• Task instructions:
Beginning with the line that contains "Serene scene of" and ending with the line that contains "Waste Plastic Pyrolysis Machine", reproduce the lines of the entries below exactly, omitting pictures.

• Supplied entries:

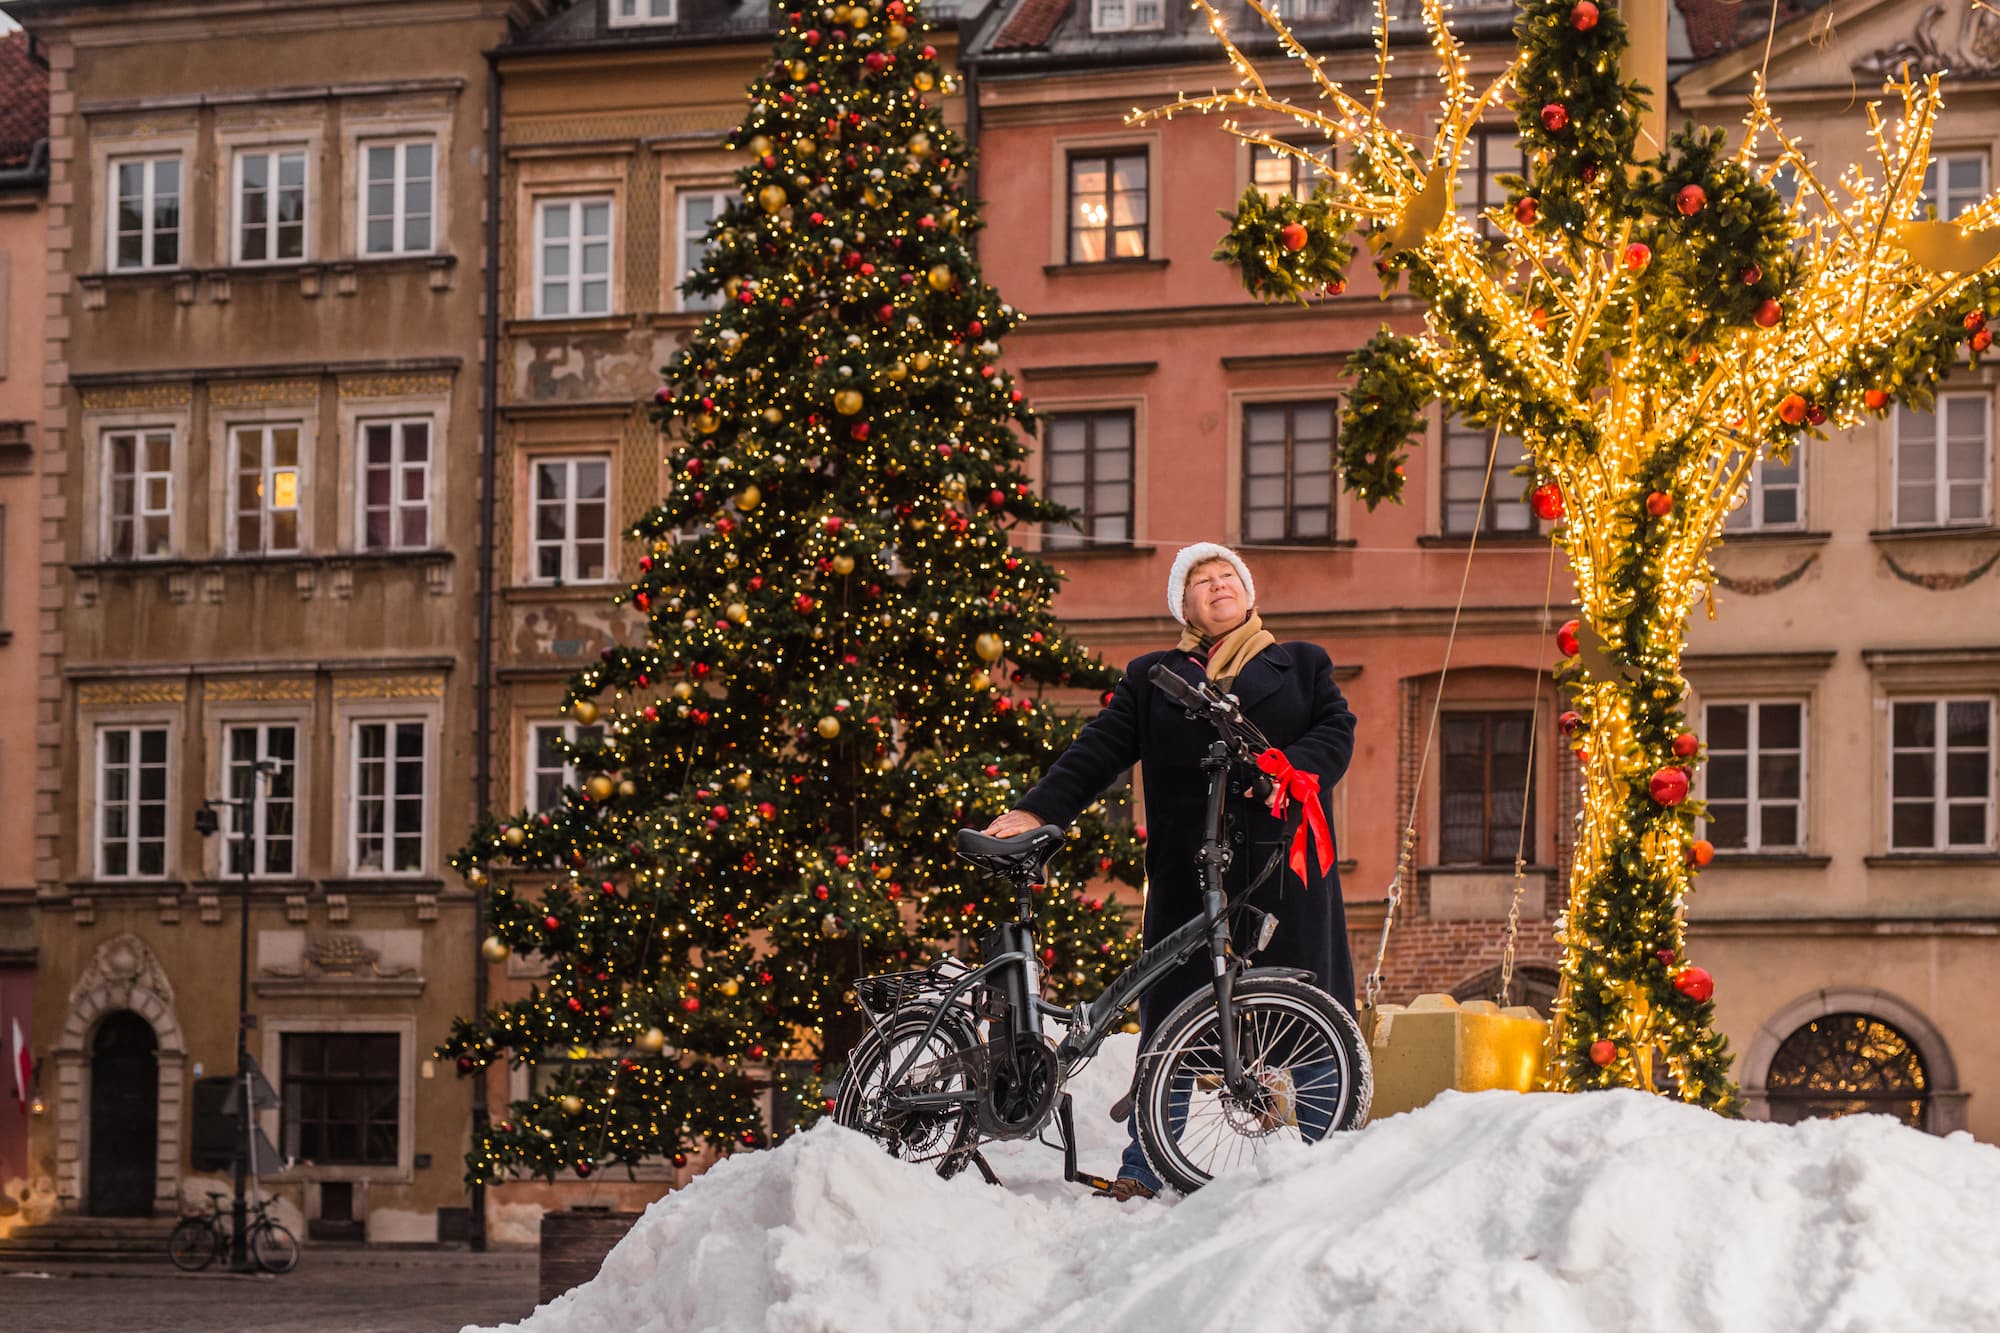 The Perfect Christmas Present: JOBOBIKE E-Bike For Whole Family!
...
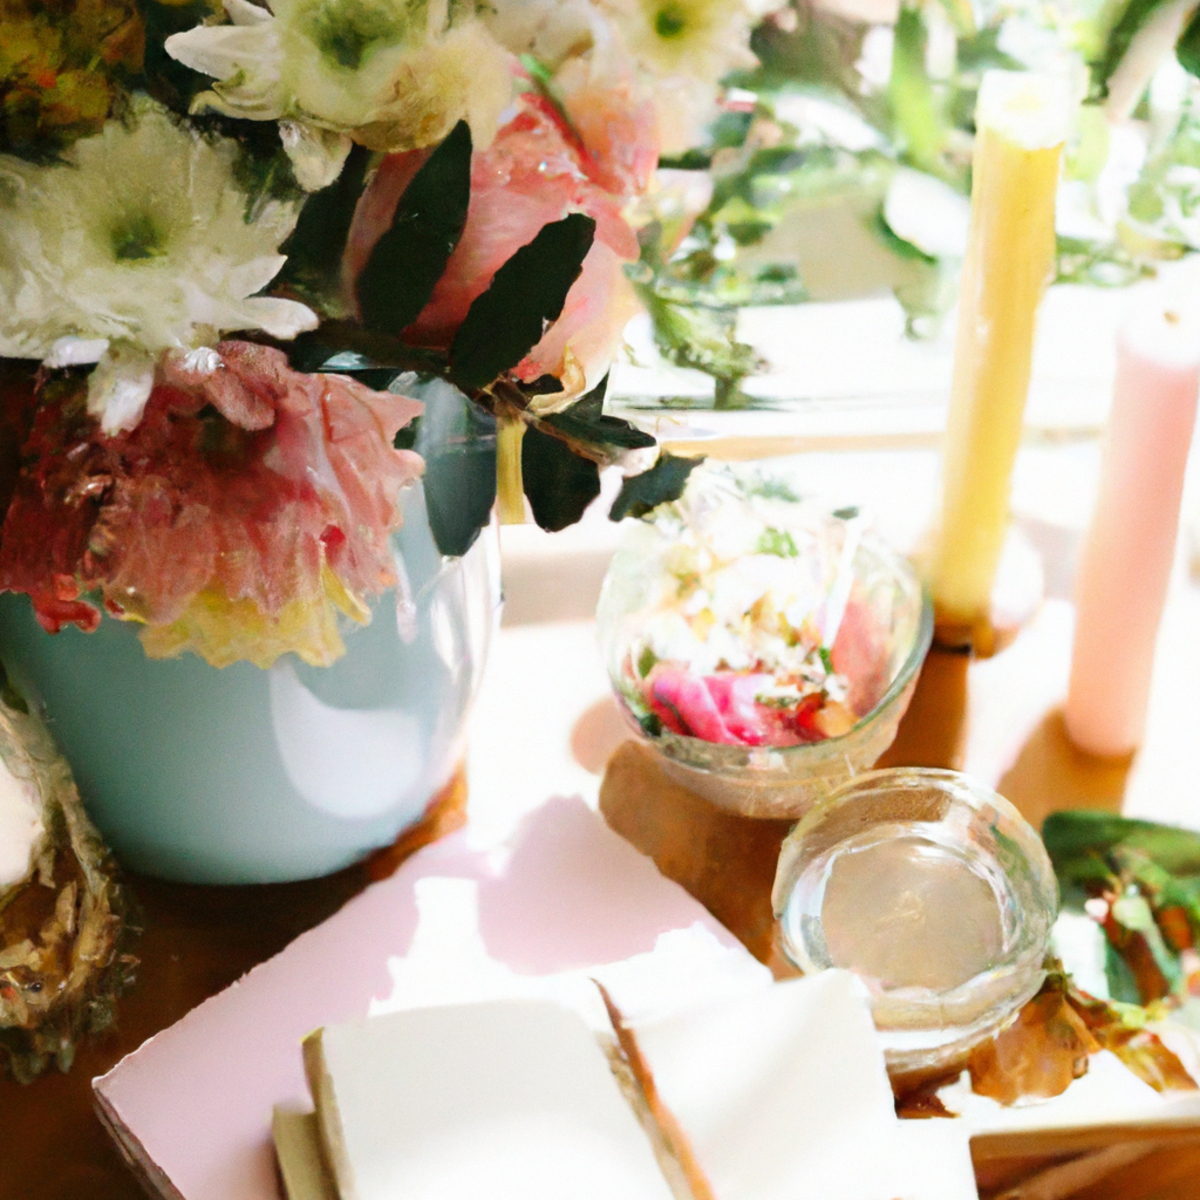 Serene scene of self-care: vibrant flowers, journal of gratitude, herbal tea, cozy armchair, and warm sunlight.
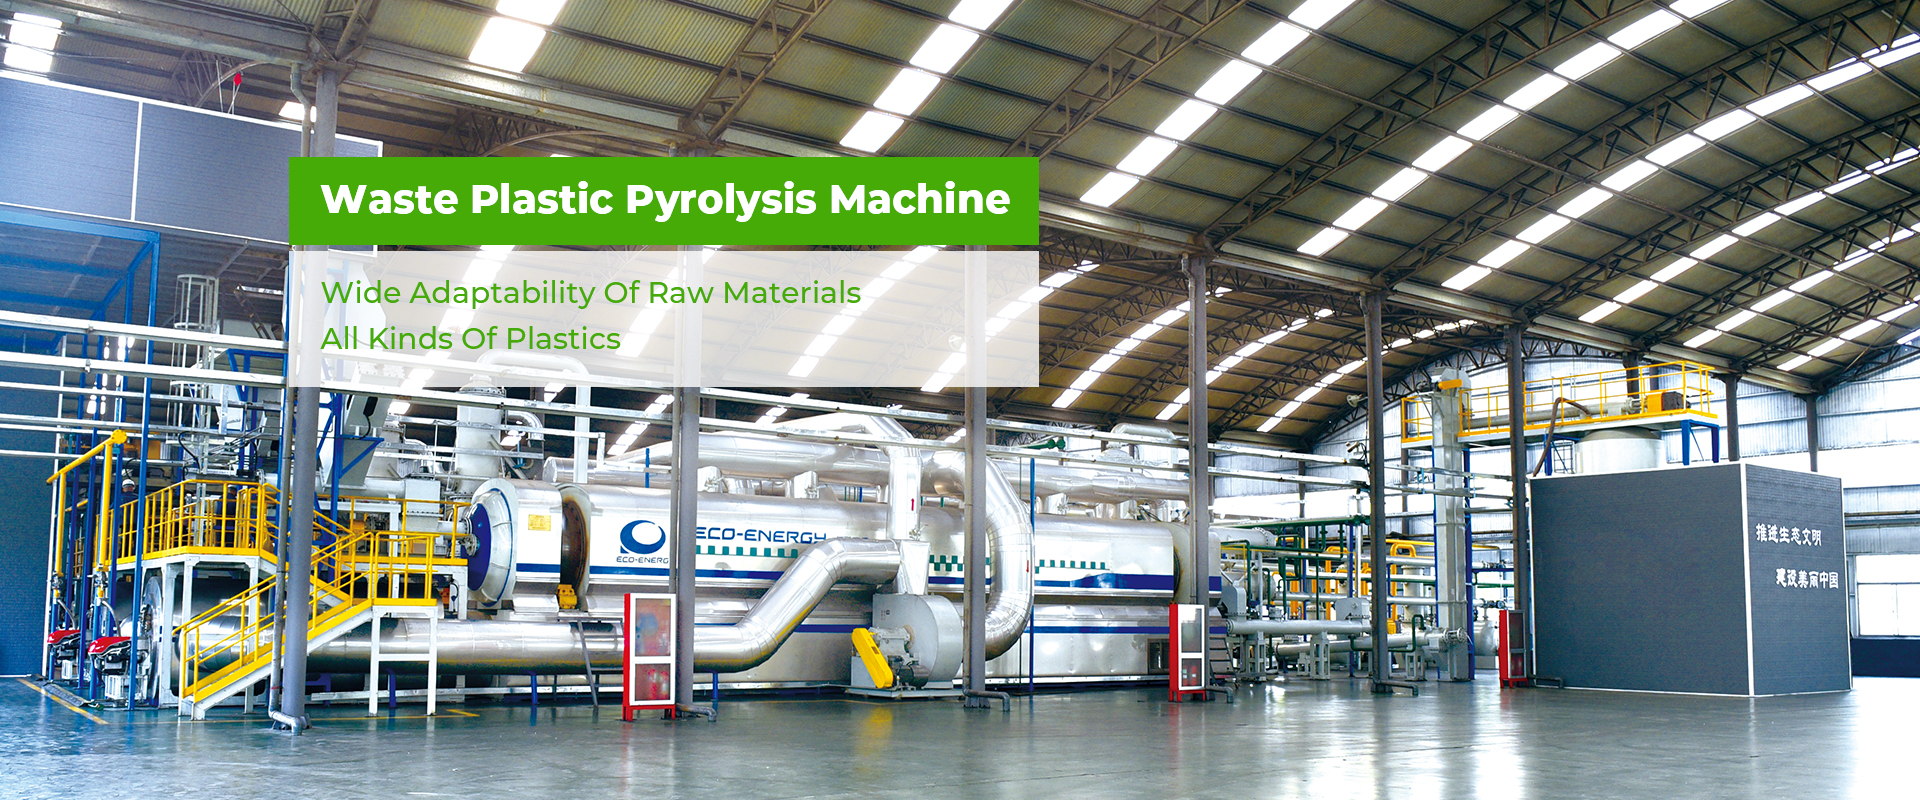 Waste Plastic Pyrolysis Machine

• Worked solution:
 Serene scene of self-care: vibrant flowers, journal of gratitude, herbal tea, cozy armchair, and warm sunlight.
 Waste Plastic Pyrolysis Machine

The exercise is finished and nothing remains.